The functional analysis based on the genes in EV subtypes suggests different potential clinical applications. We found a series of full-length transcripts unique to different EV subtypes. VEGFA, only found in MVs, is a high specific growth factor, which can promote target cell survival and proliferation. EIF4G1, EIF2B4, and EIF3D, only found in MVs, are both eukaryotic translation initiation factors, which might regulate gene expression in target cells. SNRPA, SNRNP40, RBMX, DHX38, PPIL1, HNRNPA3, only found in exosomes, are both associated with pre-mRNA splicing. Sergio T. Ferreira’s group has revealed that EVs derived from human Wharton’s jelly MSCs have neuroprotective effects and can prevent neuronal damage in Alzheimer’s disease [32]. It has also been reported that MSCs-derived exosomes can exert neuro-regenerative effects [33]. MSCs-derived exosome treatment has been confirmed to enhance cognitive function and promote adult neural stem cell differentiation in adult mice [34]. In our result, differentially highly expressed genes in exosomes are primarily enriched in neutrophil extracellular trap formation (NET), which is considered to capture and kill bacteria, and impact the tumor microenvironment [35]. Therefore, exosomes derived from hUMSC are believed to be more advantageous in the therapy of tumors and bacterial infections. Meanwhile, the differentially highly expressed genes in microvesicles are mainly enriched in multiple neurodegenerative diseases, prion diseases, and some physiological processes, implying that microvesicles derived from hUMSC have greater potential for neurodegenerative diseases, aging, and cancer therapy. Functional similarity of the genes SDHB [36], BAD (a member of BCL-2 family) [37], and PSMA4 [38], associated with neuroprotection and neurodegeneration, enriched in different EV subtypes suggest different clinical application prospects. Moreover, the wound healing and cell proliferation assay suggest exosomes and microvesicles derived from hUMSCs have different effects on migration and proliferation of HUVEC cell lines (Additional file 3: Fig. S3).

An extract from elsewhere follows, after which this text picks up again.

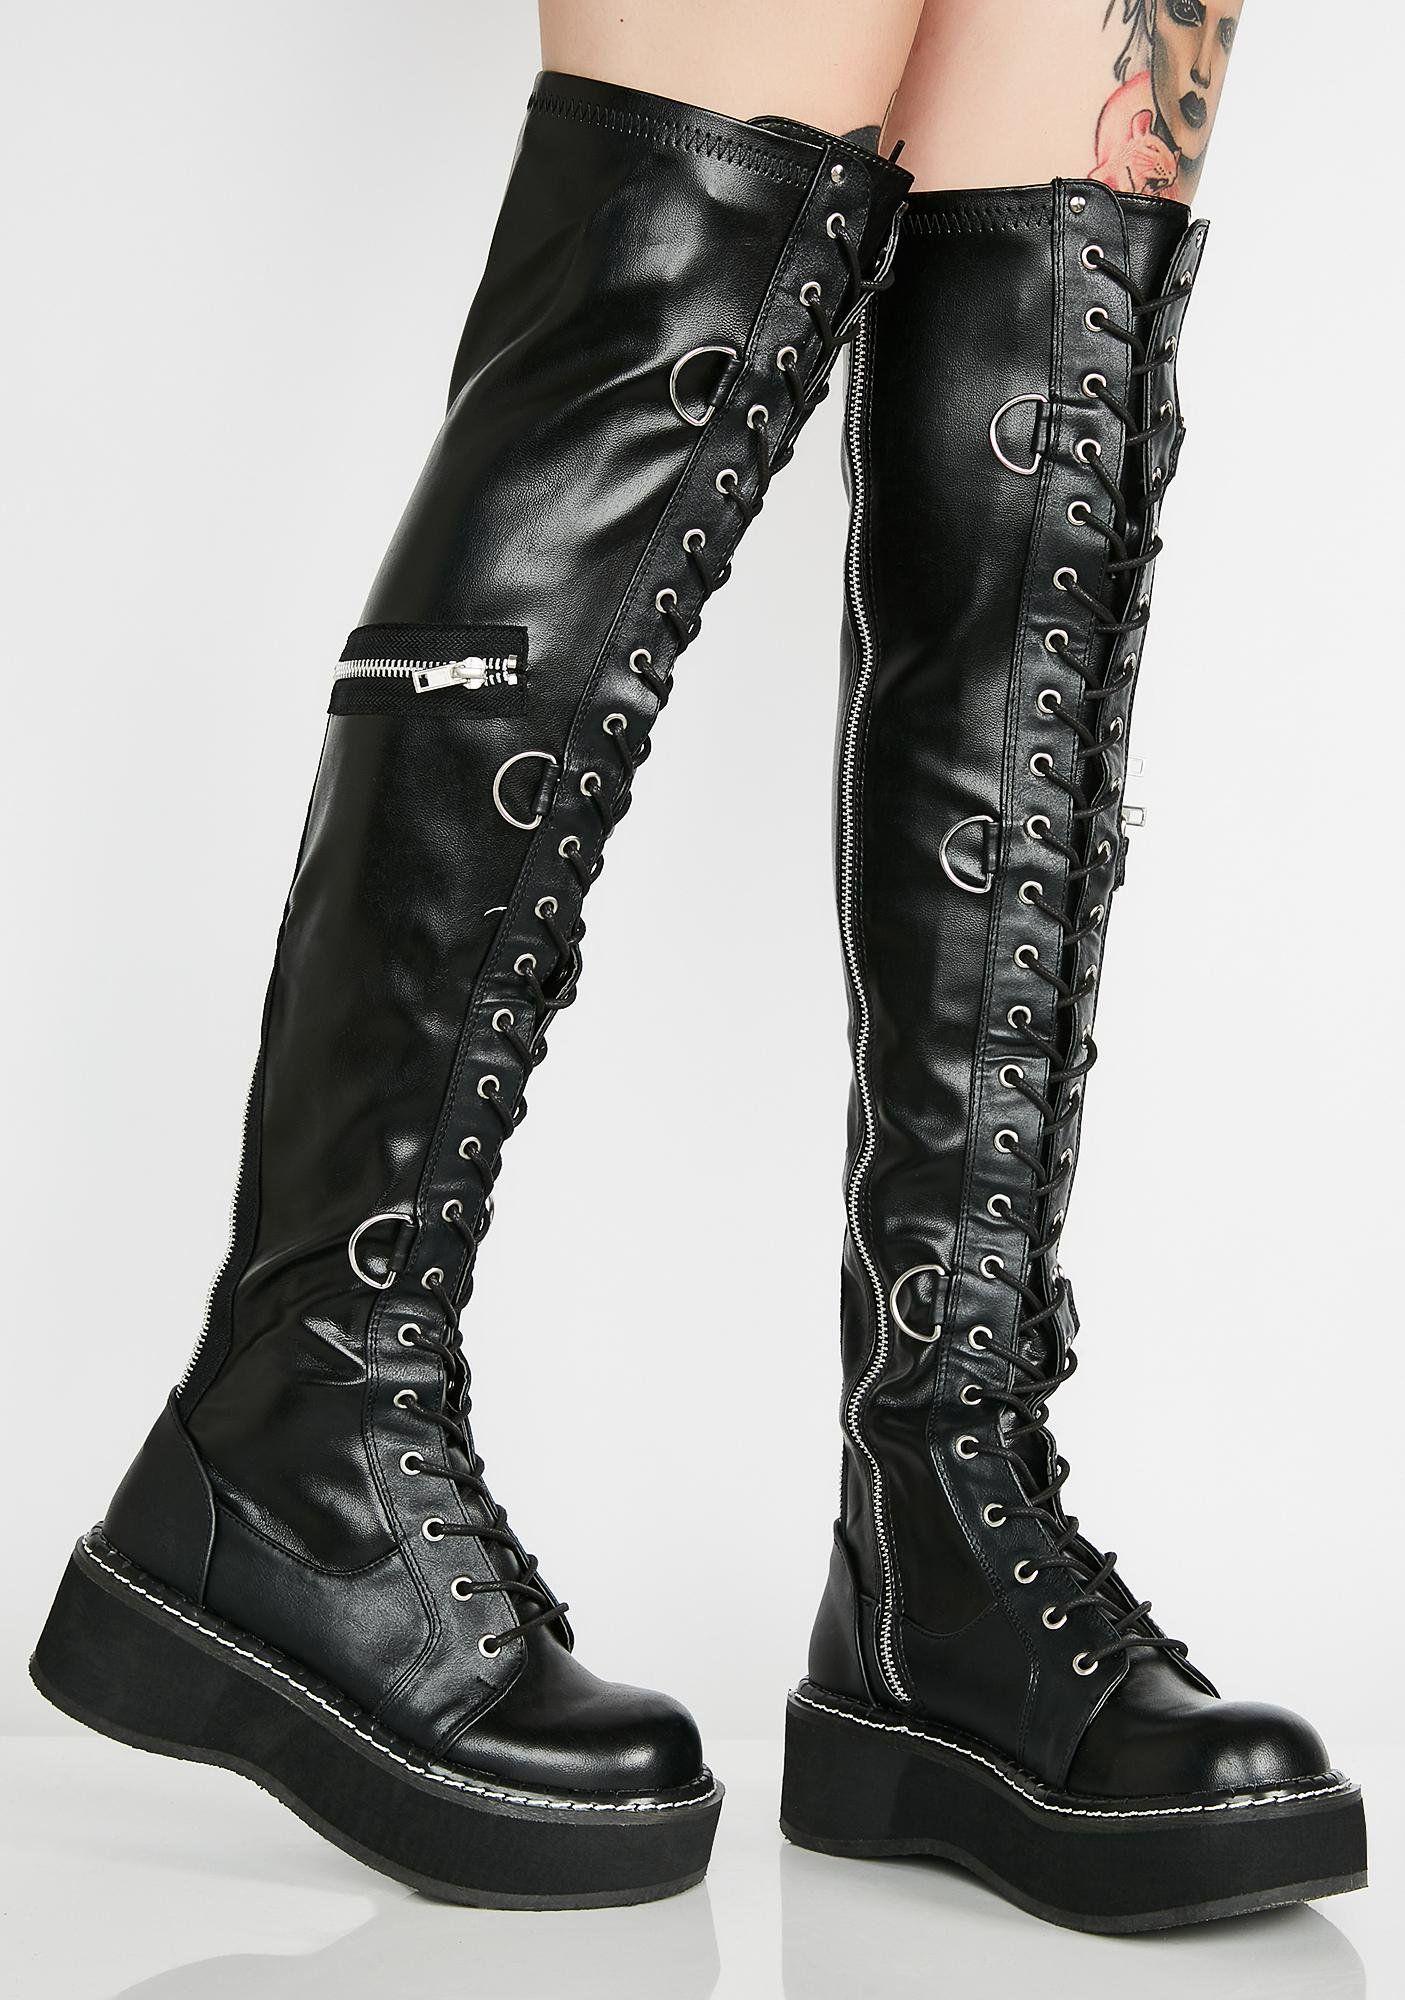 Authoritative answer, free boot bondage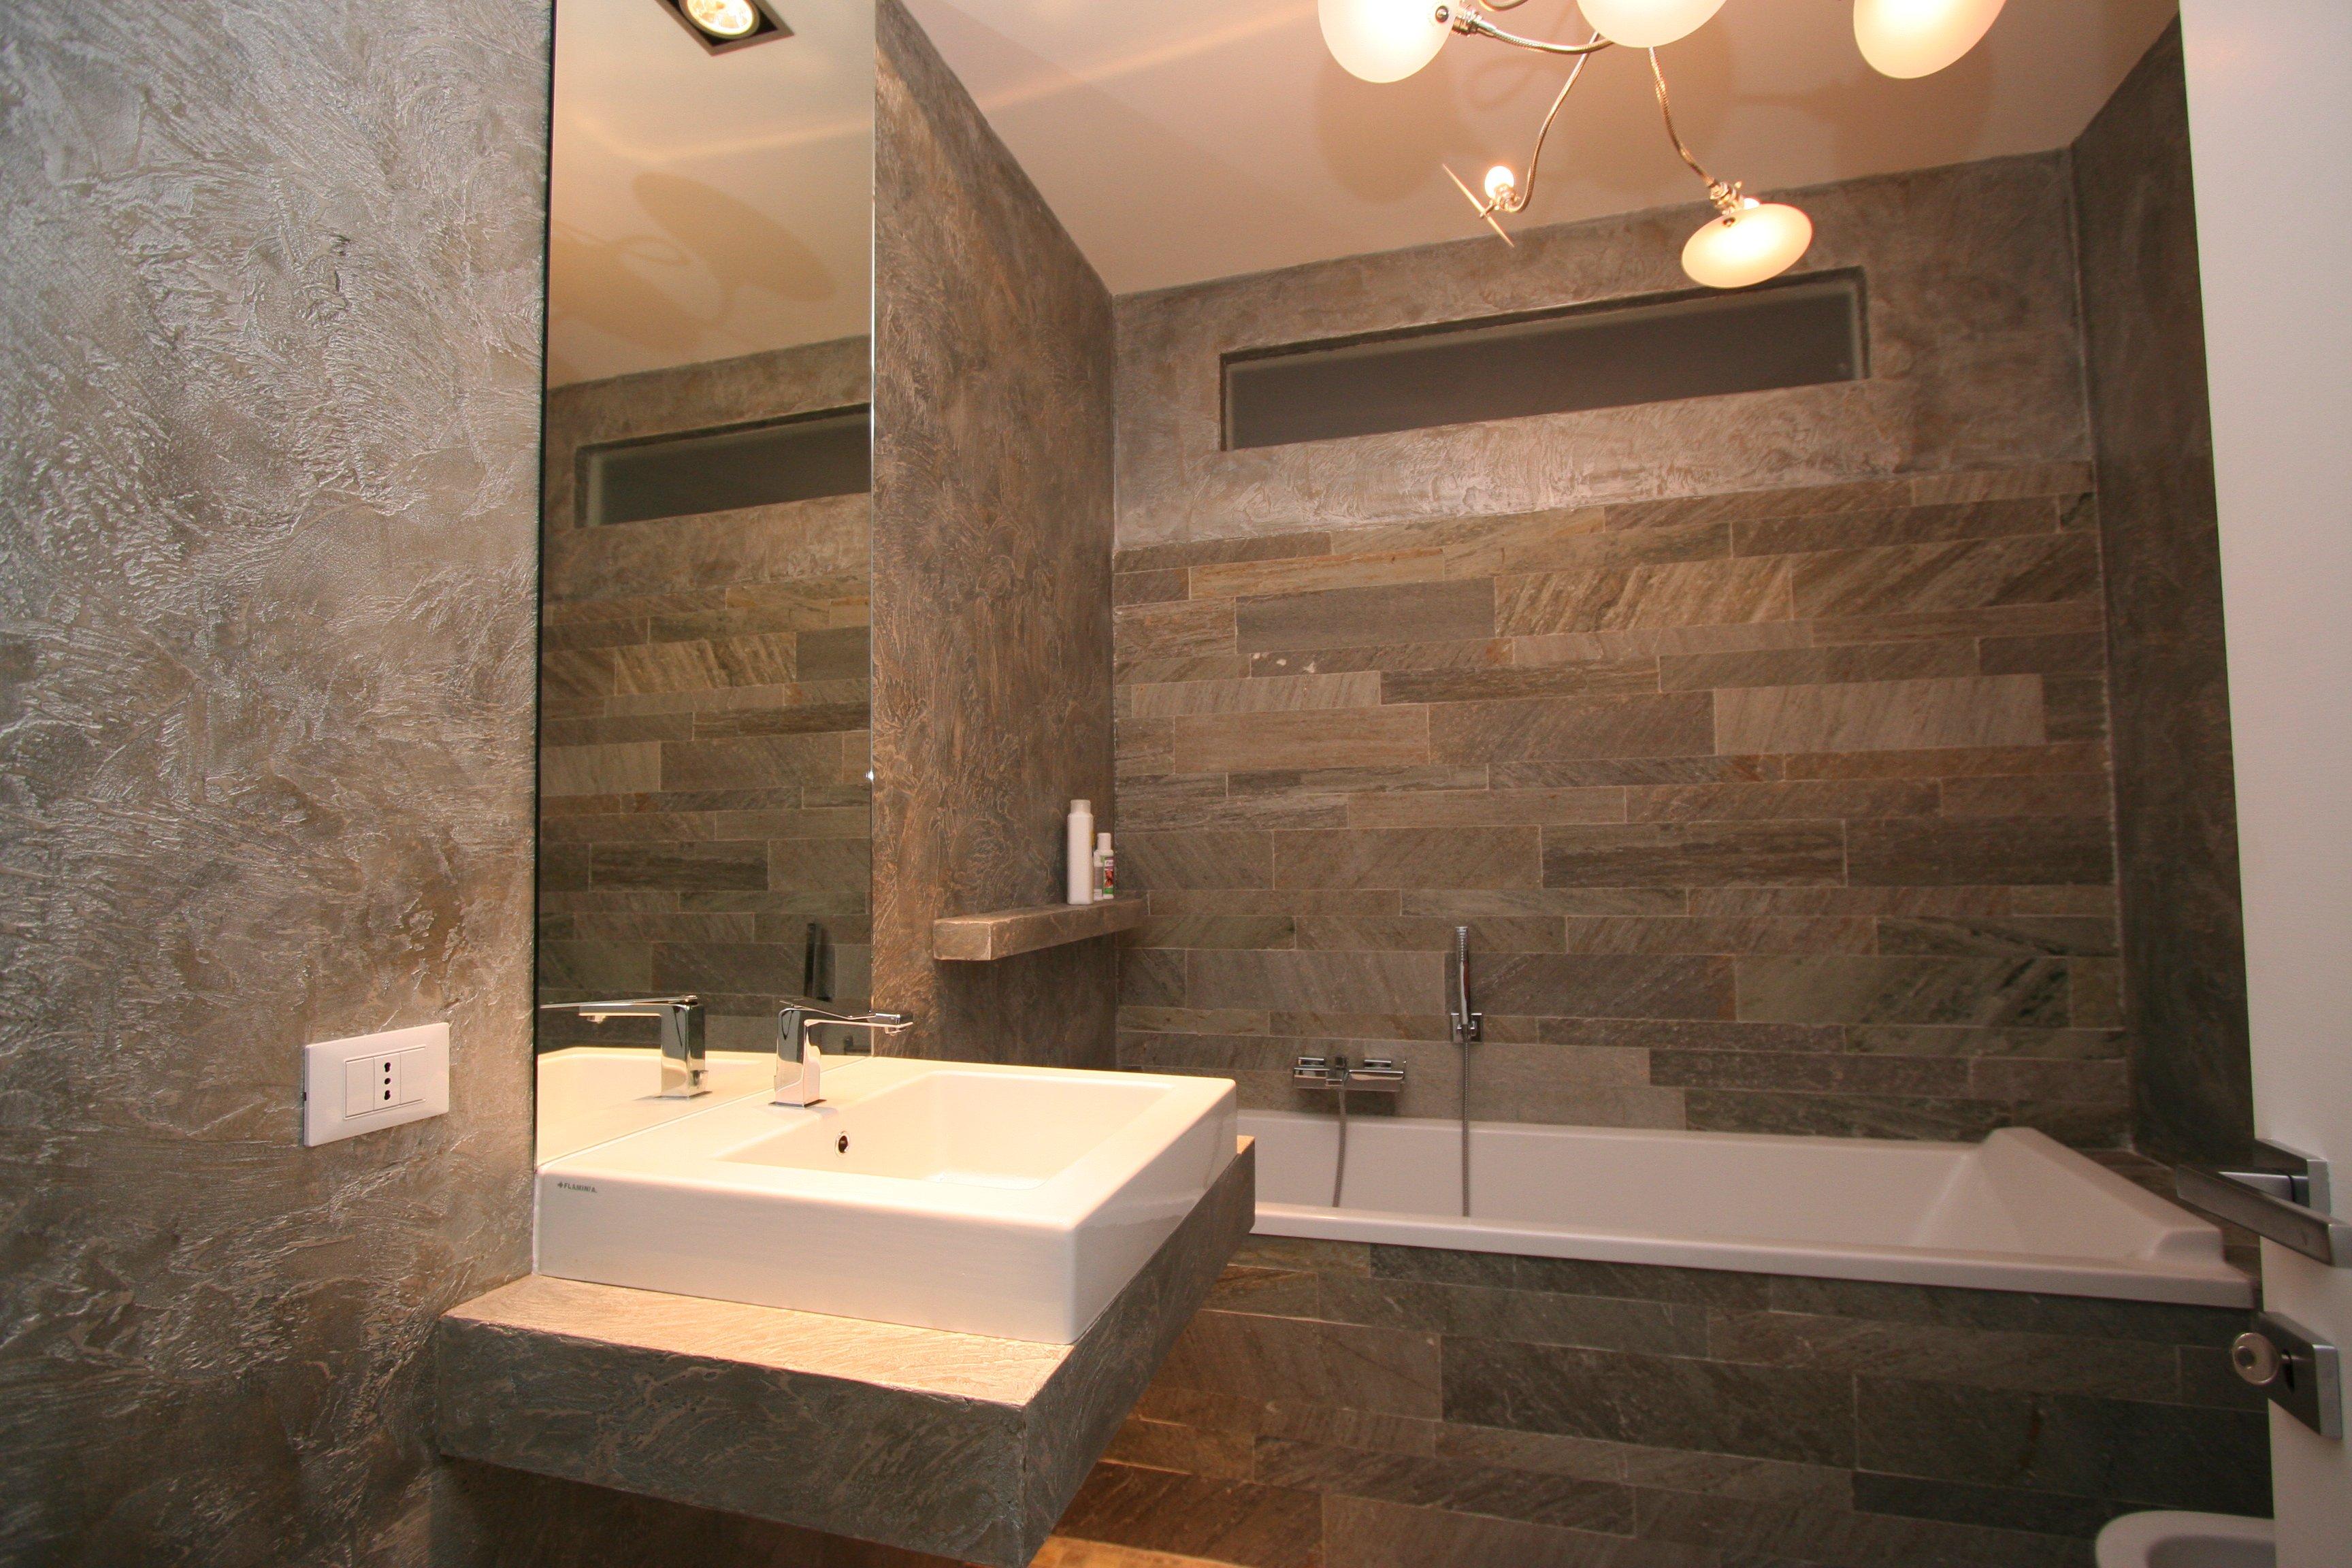 Coprire Vasca Da Bagno Prezzi : Vasche bagno prezzi. gallery of vasca con doccia with vasche bagno

To our knowledge, this is the first study demonstrating the long transcriptomic landscape of hUMSC-EV subtypes based on third-generation sequencing, composed of abundant fragmented transcripts. The transcriptomic profile is inter-heterogeneous between exosomes and microvesicles, suggesting inconsistent RNA sorting mechanisms. Functional enrichment shows various tendencies in clinical applications for exosomes and microvesicles. In addition, the transcriptomes encapsulated in exosomes are more consistent, stable, and reproducible and contain more functional full-length transcripts, suggesting a stronger clinical potential.

Conclusions

Overall, in the study, we successfully isolated and identified exosomes and microvesicles derived from hUMSCs and systematically compared long transcriptomic profile by nanopore sequencing. Different transcriptome sorting mechanisms and application prospects of EV subtypes were found. It would provide references for the basic research and clinical applications in future.